You're arguing over a predictive model, there's many models for many kinds of things and they all have some utility, some are just easier to use or understand, others may be more accurate but all are intended to find a ballpark figure for what they attempt to model.

Just look at weather modelling, it's very mature and capable but still gets it wrong when you were hoping for a sunny day

LethalDose's model looks to be just as useful as arkie87's or any other model proposed, they give the user an idea of what kind of craft will preform better in a given situation, but like any model, the proof is in the actual flight itself, not in the graphs.

I think there's little more that can be said by any of the parties involved in this thread, you're just going to end up going round in circles, I'll leave this open a bit longer though and well see.

[GoSlash27]

Then don't use my model.

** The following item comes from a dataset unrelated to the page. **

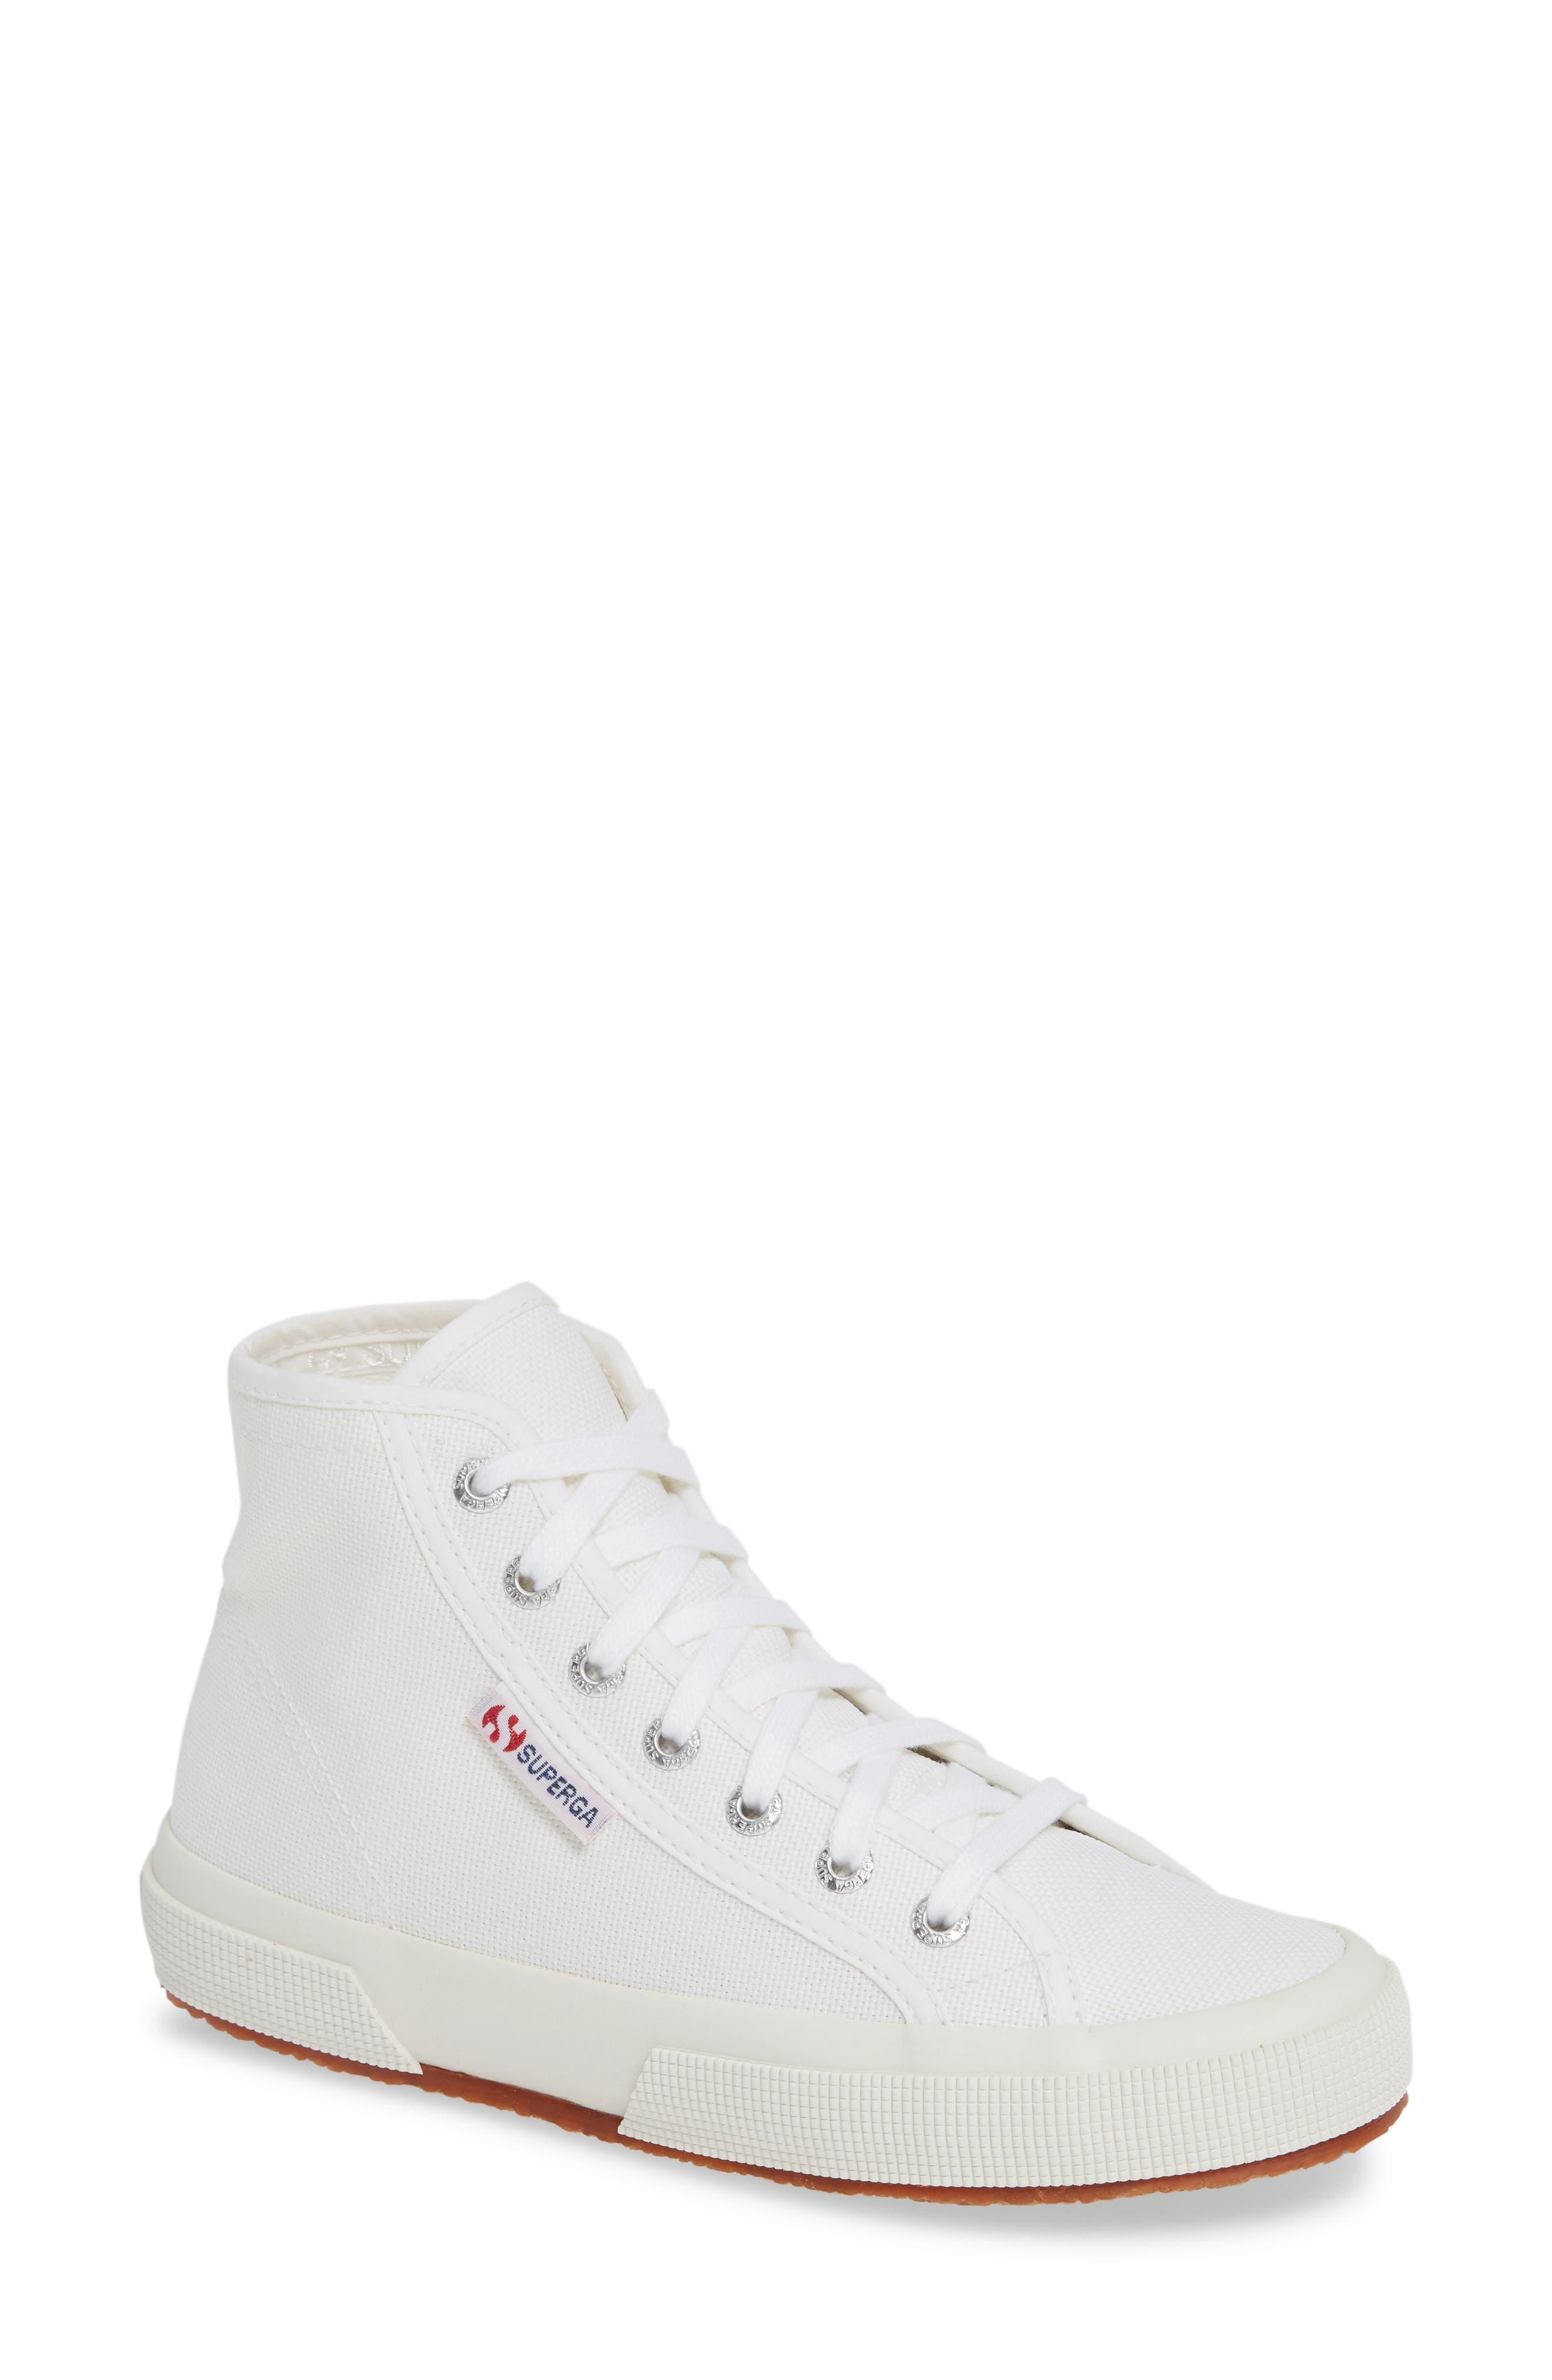 2795 High Top Sneaker,                             Main thumbnail 1, color,                             WHITE
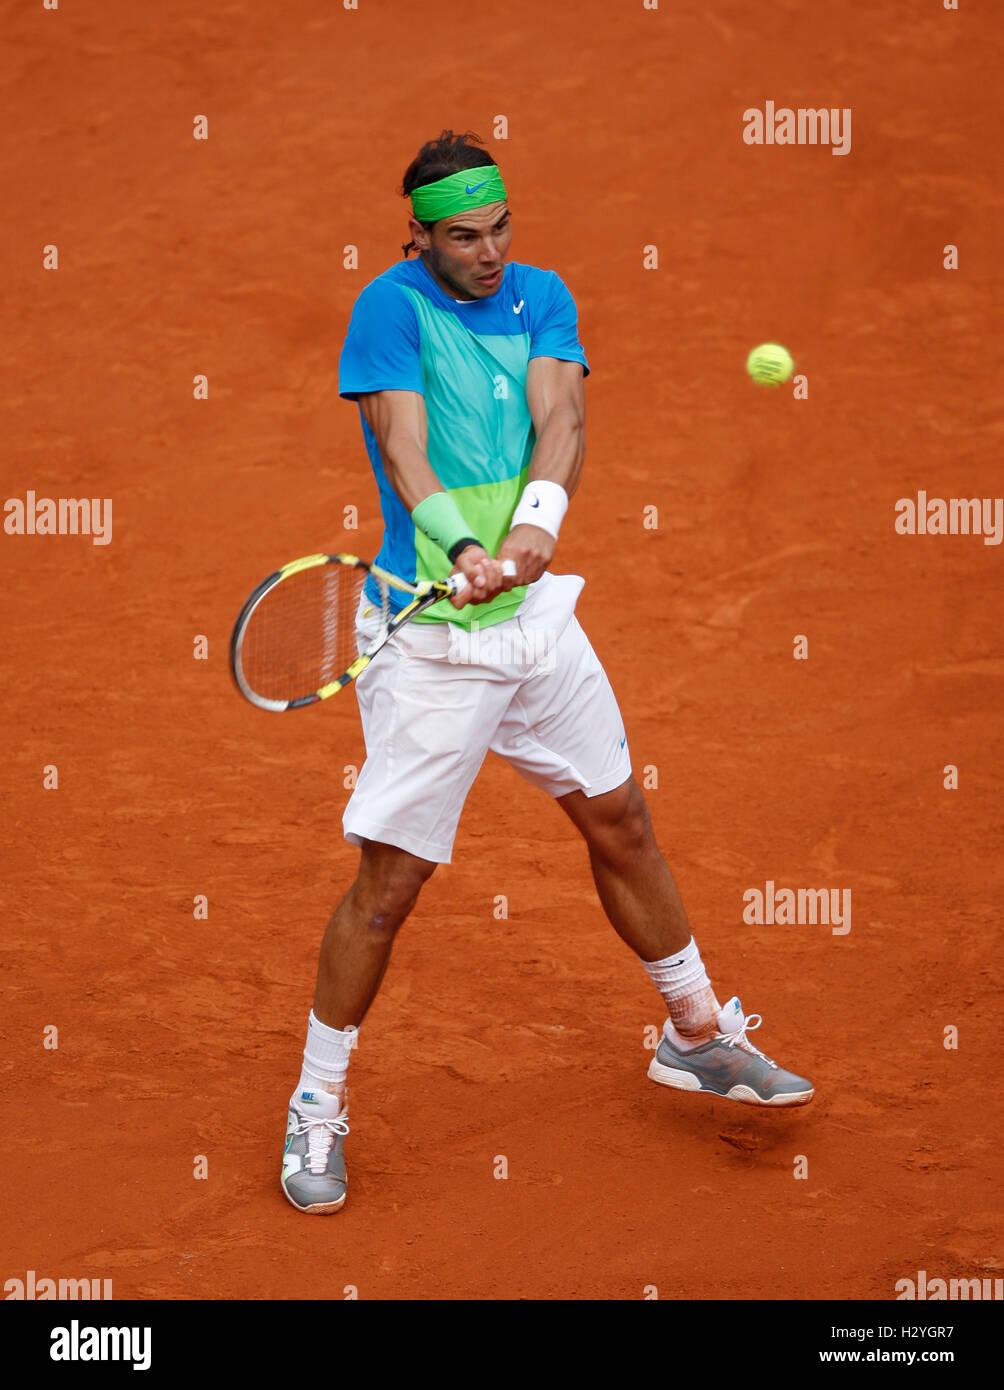 baee1c9fb0a9 Rafael Nadal

Ever. Please don't.

Fair 'nuff.

Best,

-Slashy

[arkie87]

Uh, arkie, plugging in different values for the dry mass is changing the results of numeric integration/efficiency results from your spreadsheet... Not by much, but it is changing. That should not be happening...

The excel file with the VLOOKUPs removed is available here.

Yes, i noticed that too.

First off, I never said the slope equals 0, just that slope is approximately 0 (for all intents and purposes). Besides, there is no reason off the bat to assume that if slope doesnt equal zero, there is something wrong... after all, it was this model itself that actually "discovered" that the slope is approximately zero...

Second, the small differences can be due to numerical integration. I used ~1000 time steps (maximum) of first order, forward Euler integration. Errors are inherent in any numerical method used, so it should be no surprise if values change slightly.

Edited December 29, 2014 by arkie87

[arkie87]

LD: Any chance you can simplify your model to only integrate up to orbital velocity, to make it more easy to compare to my model? Pretty please

[arkie87]

Yes, i noticed that too.

First off, I never said the slope equals 0, just that slope is approximately 0 (for all intents and purposes). Besides, there is no reason off the bat to assume that if slope doesnt equal zero, there is something wrong... after all, it was this model itself that actually "discovered" that the slope is approximately zero...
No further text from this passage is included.